AIM OF THE EXERCISE :: For the entries that follow, retype exactly the lines from the one containing "Delightful teapot coloring book" to the one containing "Cyprus Cats Mug. Stock Photo", inclusive, and only those. Images stay out of the copy.

DATA EXTRACTS ::
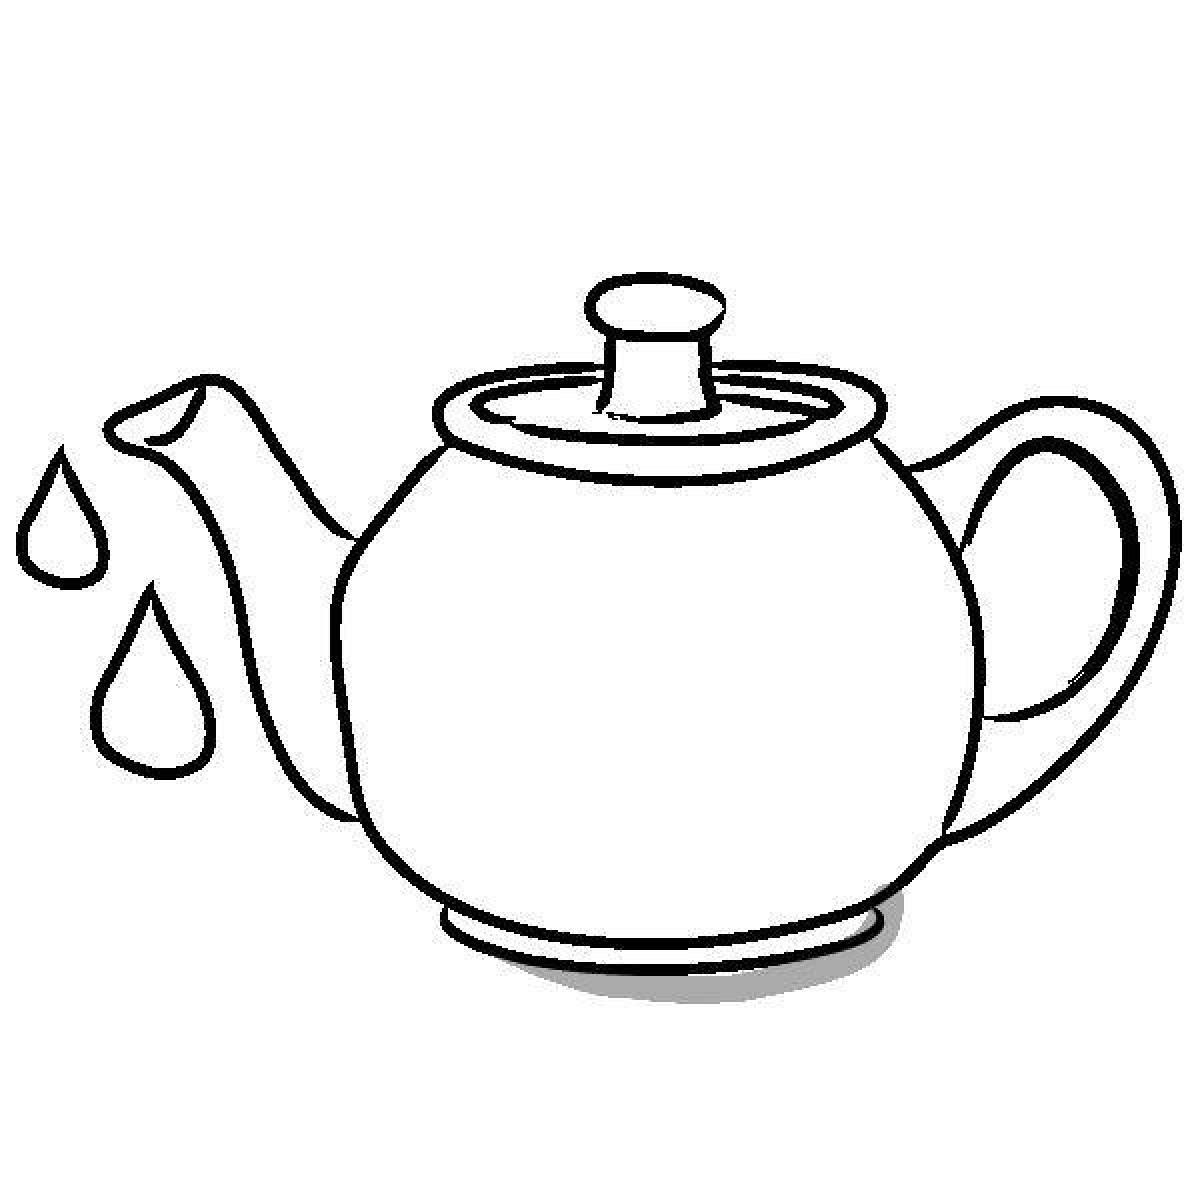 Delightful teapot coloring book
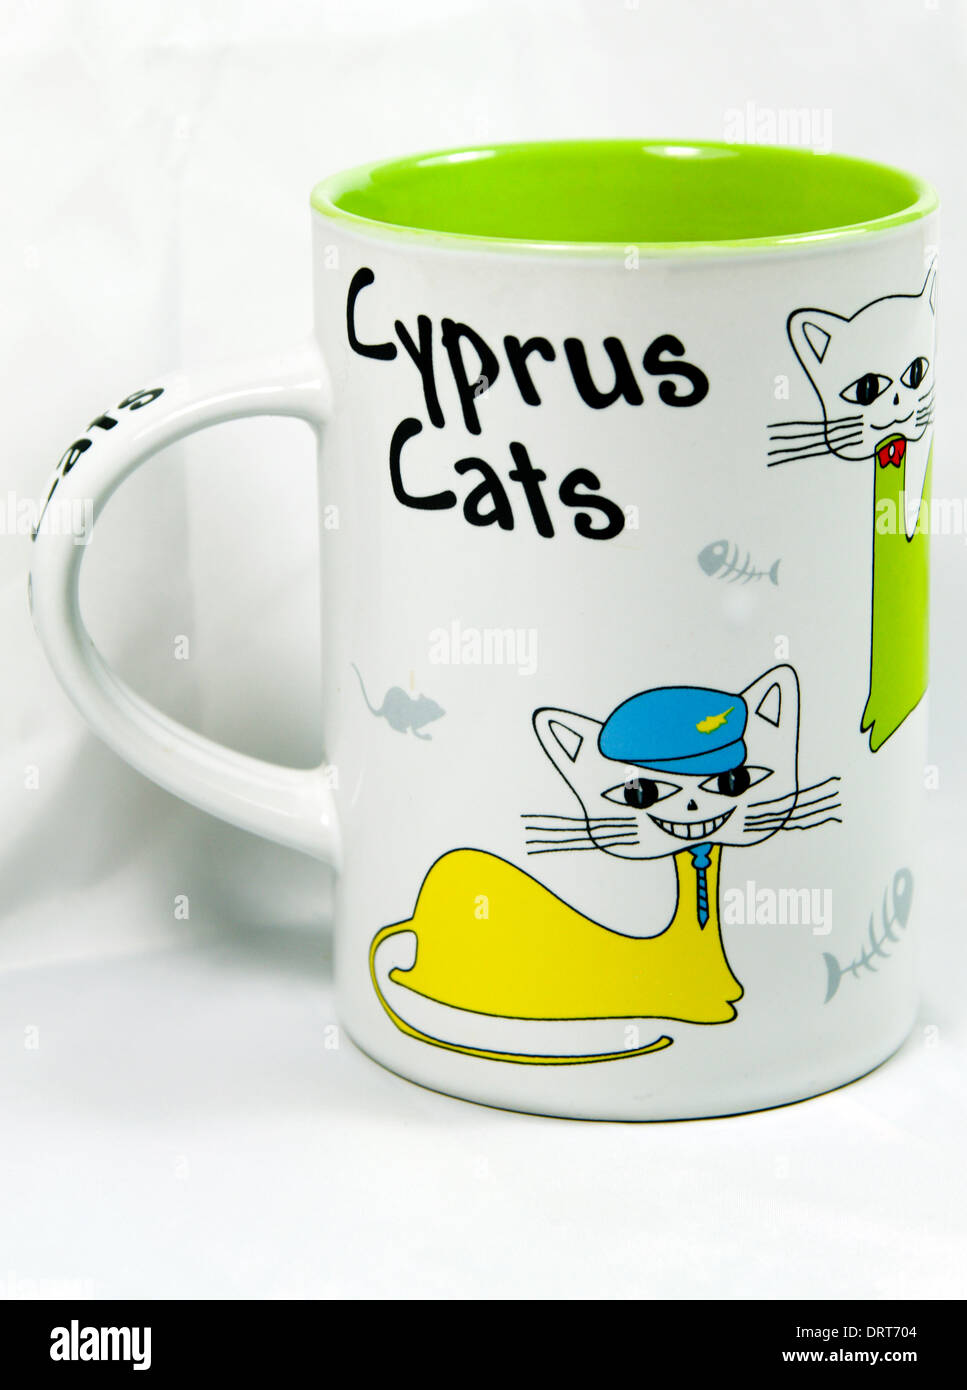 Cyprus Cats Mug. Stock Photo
---
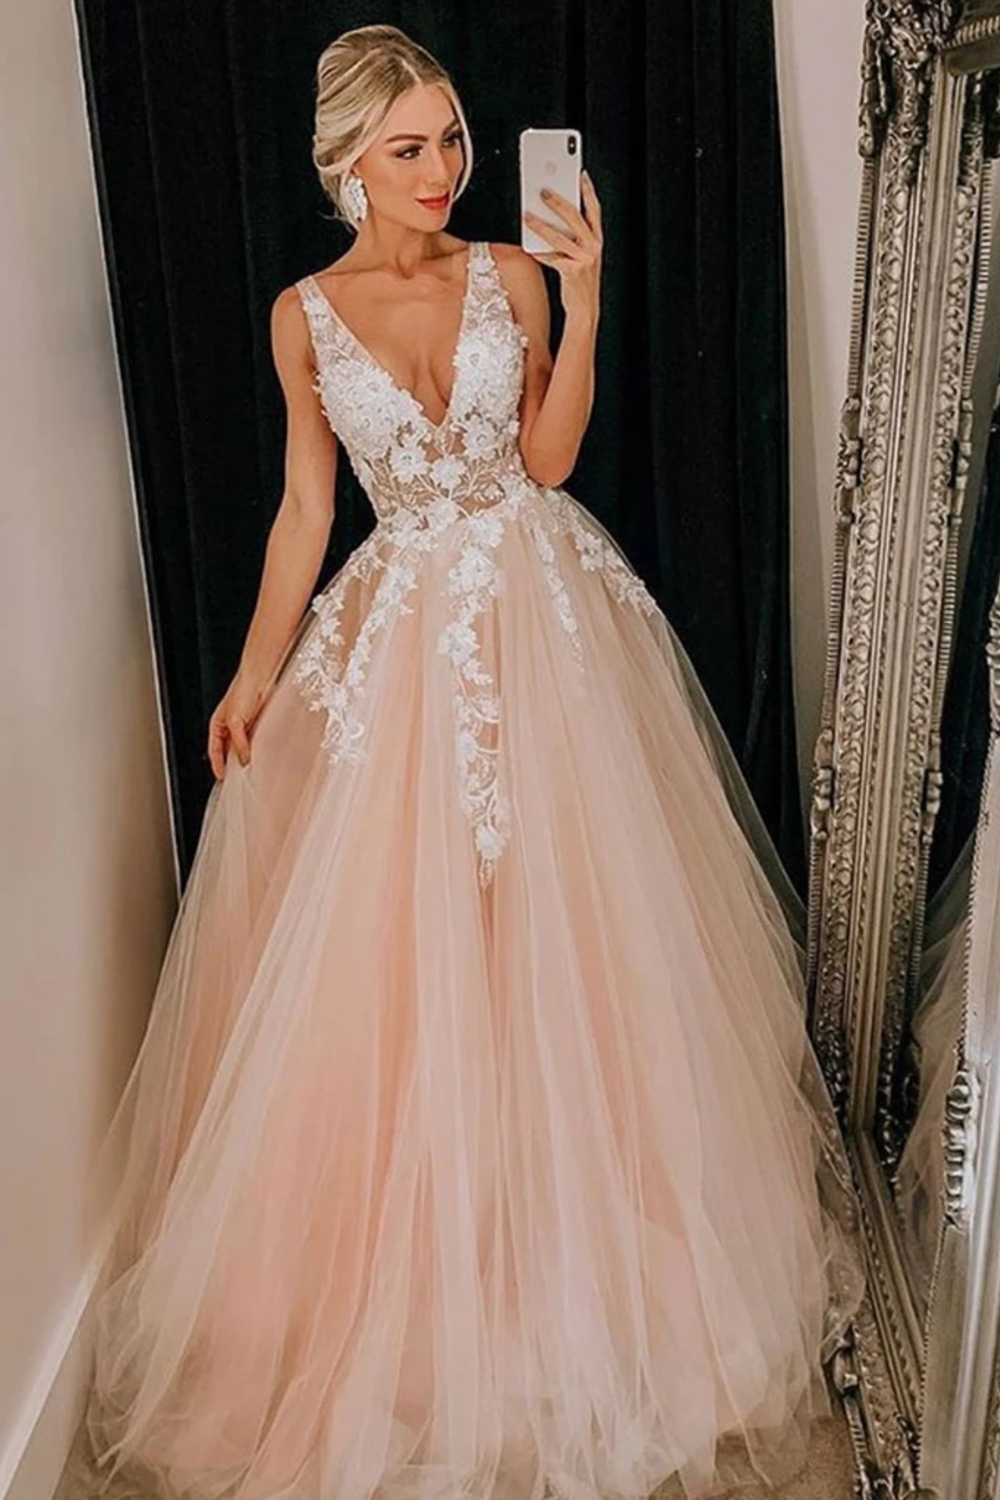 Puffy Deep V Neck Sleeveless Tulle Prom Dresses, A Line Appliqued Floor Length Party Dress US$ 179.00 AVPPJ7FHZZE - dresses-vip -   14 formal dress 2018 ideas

ANSWER TO THE EXERCISE ::
 Delightful teapot coloring book
 Cyprus Cats Mug. Stock Photo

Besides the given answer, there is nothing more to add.